> **EXERCISE DATA**
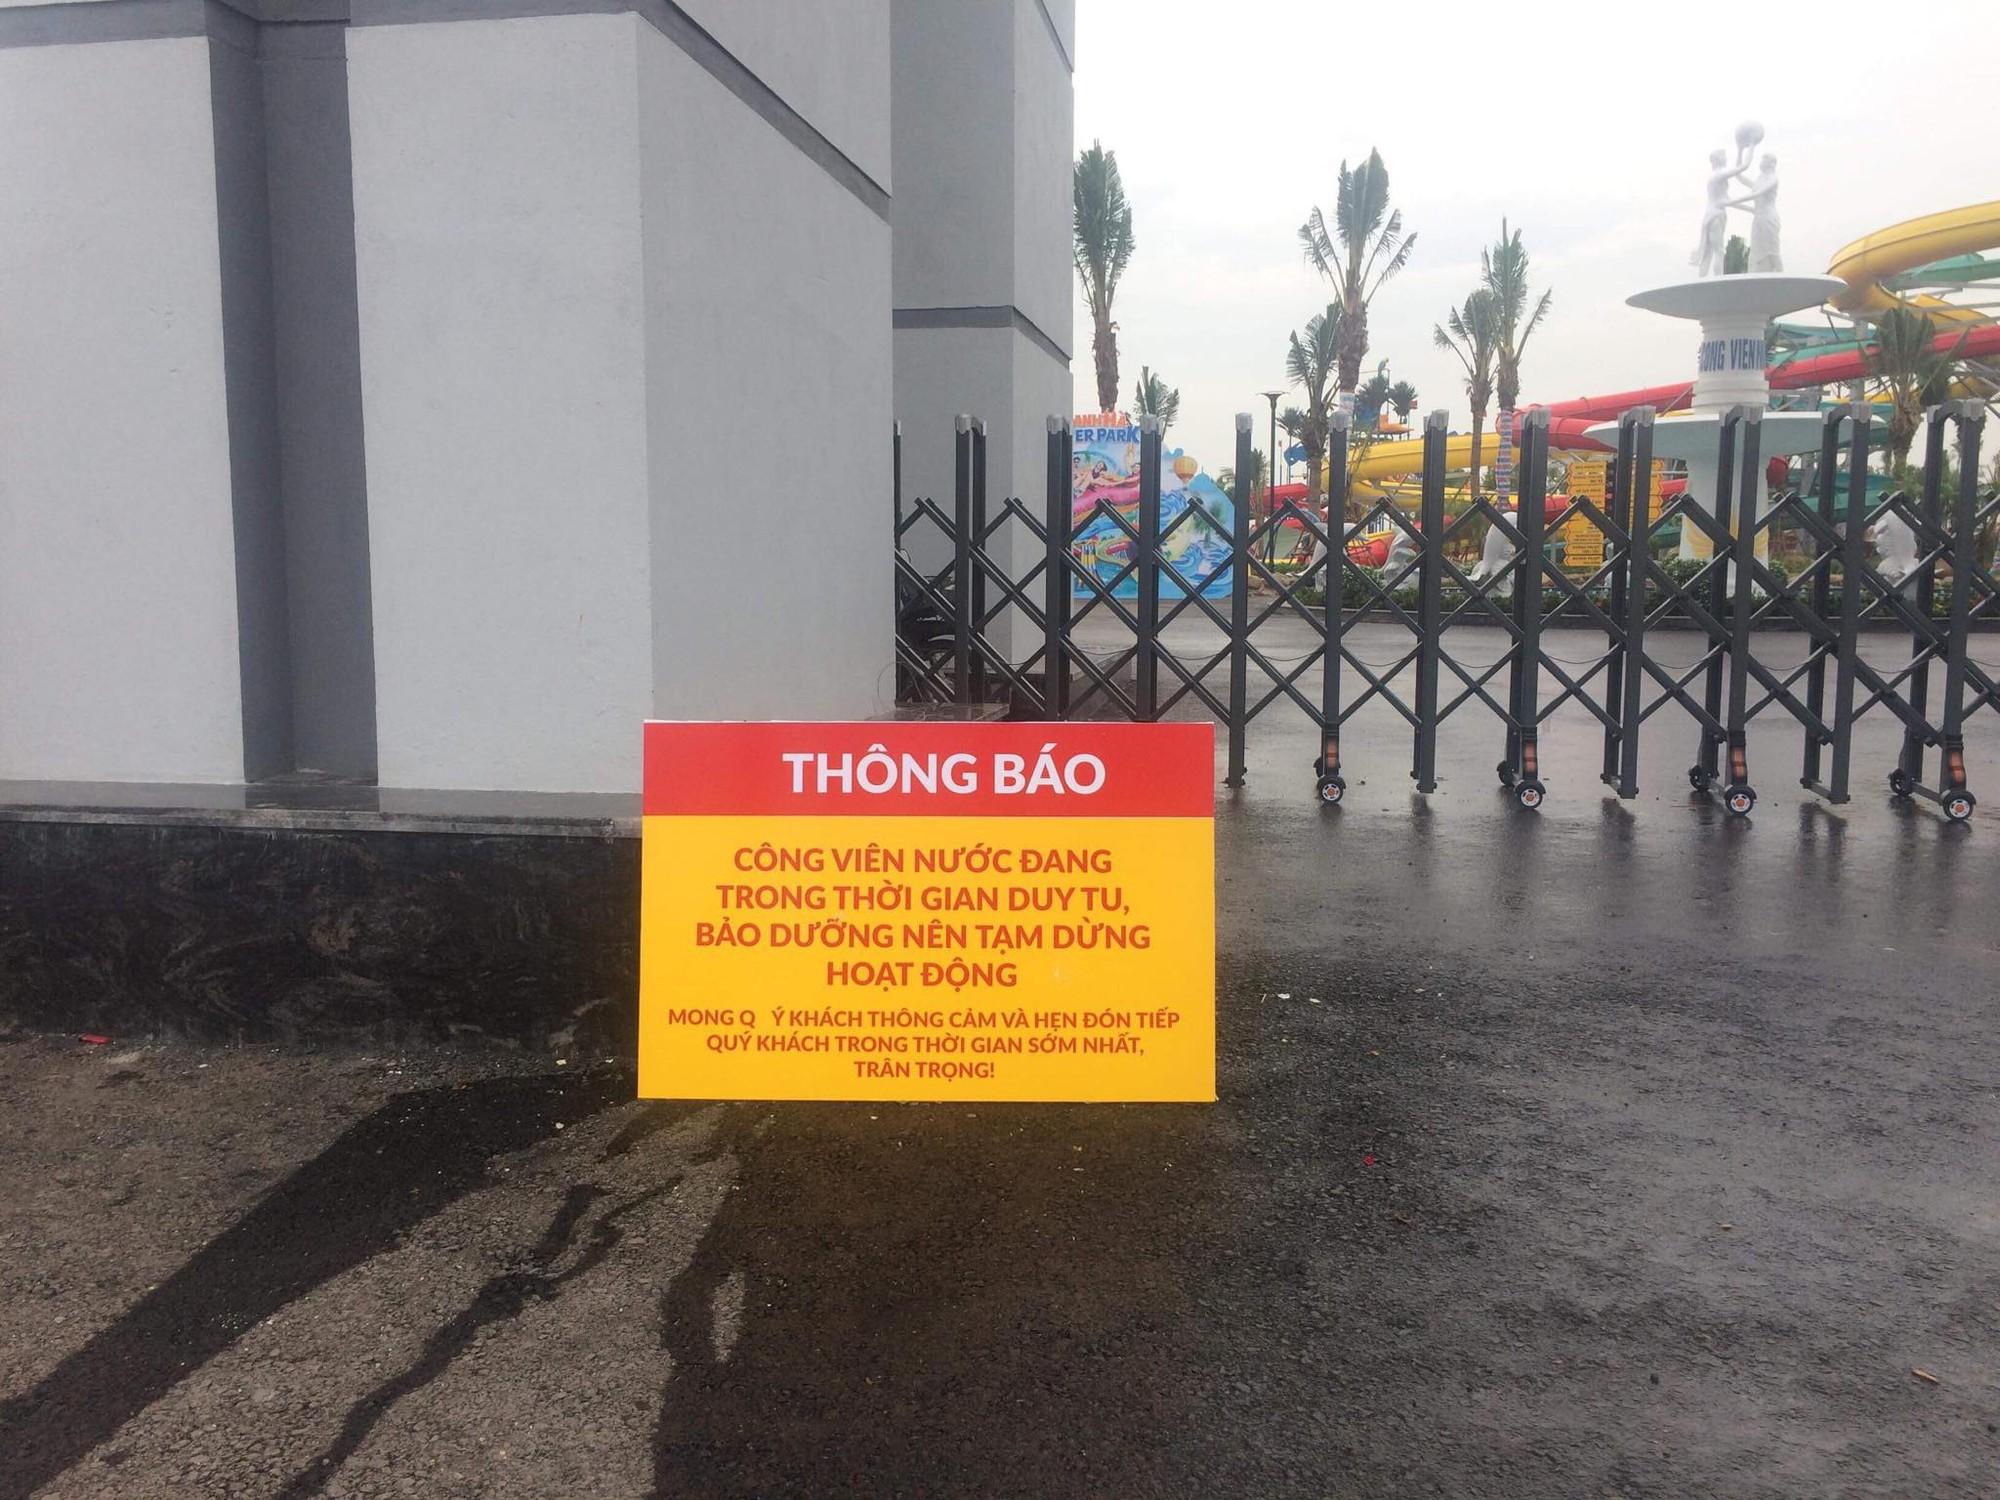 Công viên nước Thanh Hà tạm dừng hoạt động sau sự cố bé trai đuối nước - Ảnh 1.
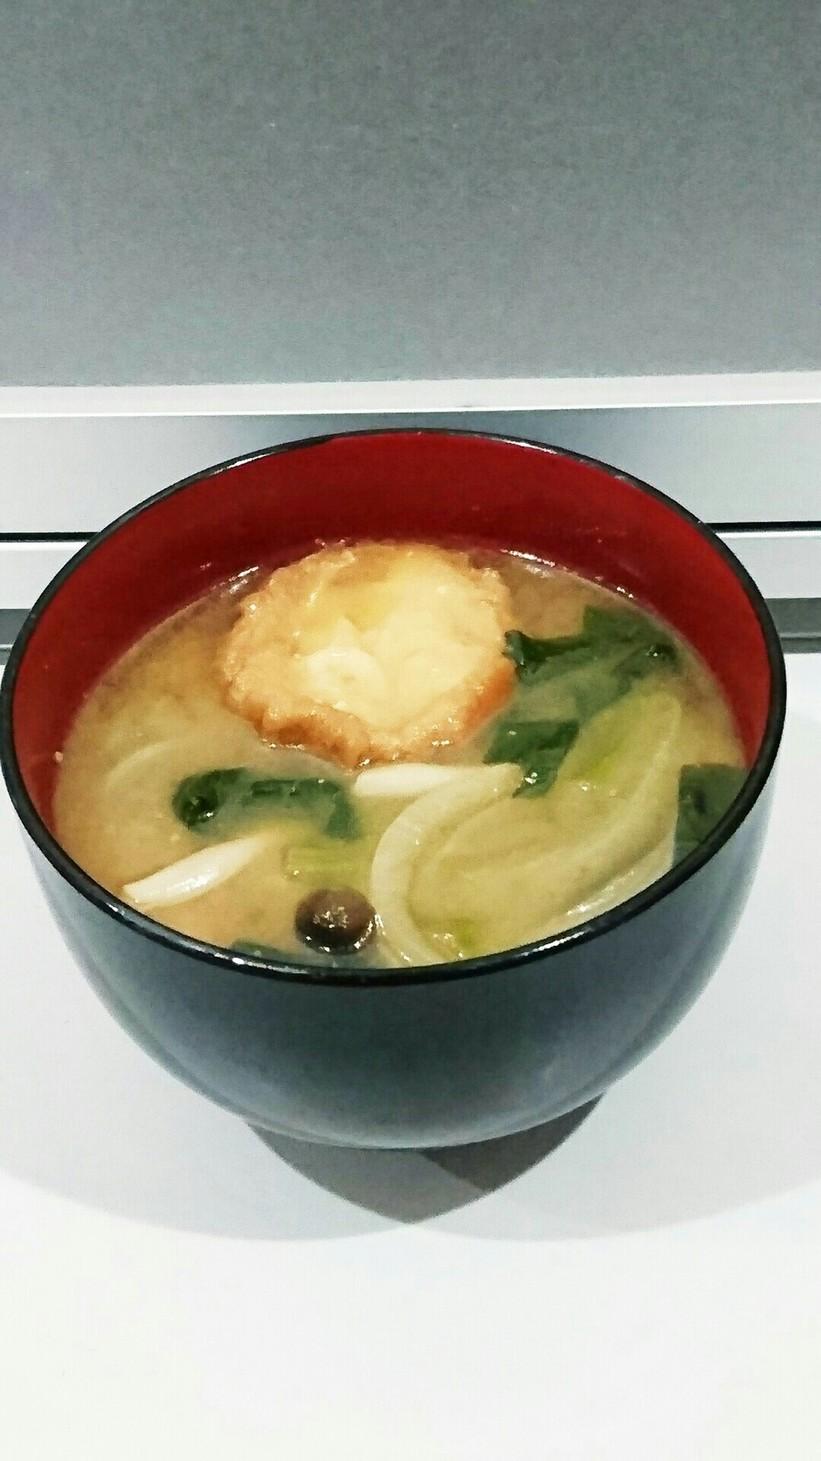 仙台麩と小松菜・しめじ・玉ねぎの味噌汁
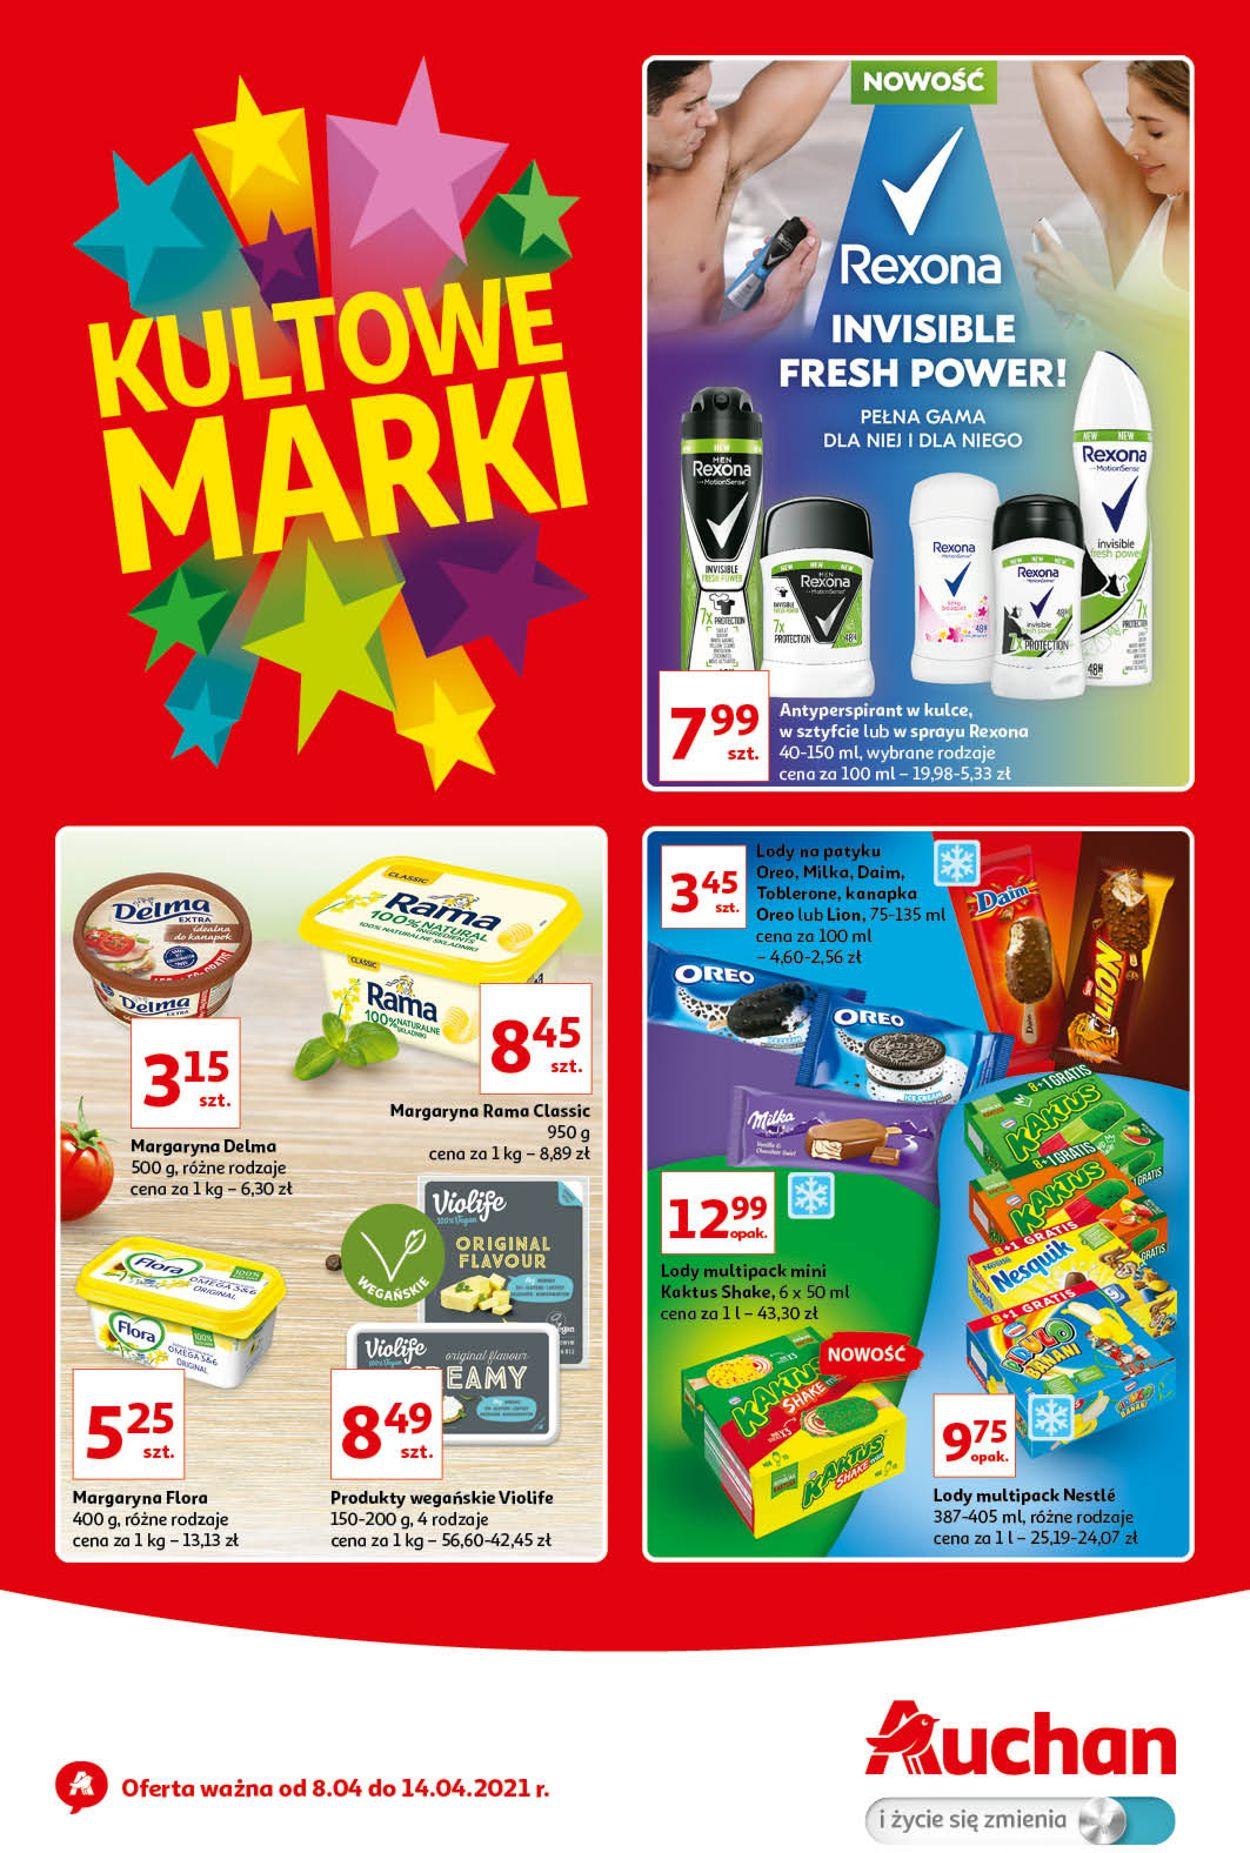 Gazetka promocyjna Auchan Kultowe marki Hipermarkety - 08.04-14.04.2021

> **PROBLEM TO SOLVE**
All of the data must be given again exactly, without the pictures.

> **EXERCISE RESPONSE**
 Công viên nước Thanh Hà tạm dừng hoạt động sau sự cố bé trai đuối nước - Ảnh 1.
 仙台麩と小松菜・しめじ・玉ねぎの味噌汁
 Gazetka promocyjna Auchan Kultowe marki Hipermarkety - 08.04-14.04.2021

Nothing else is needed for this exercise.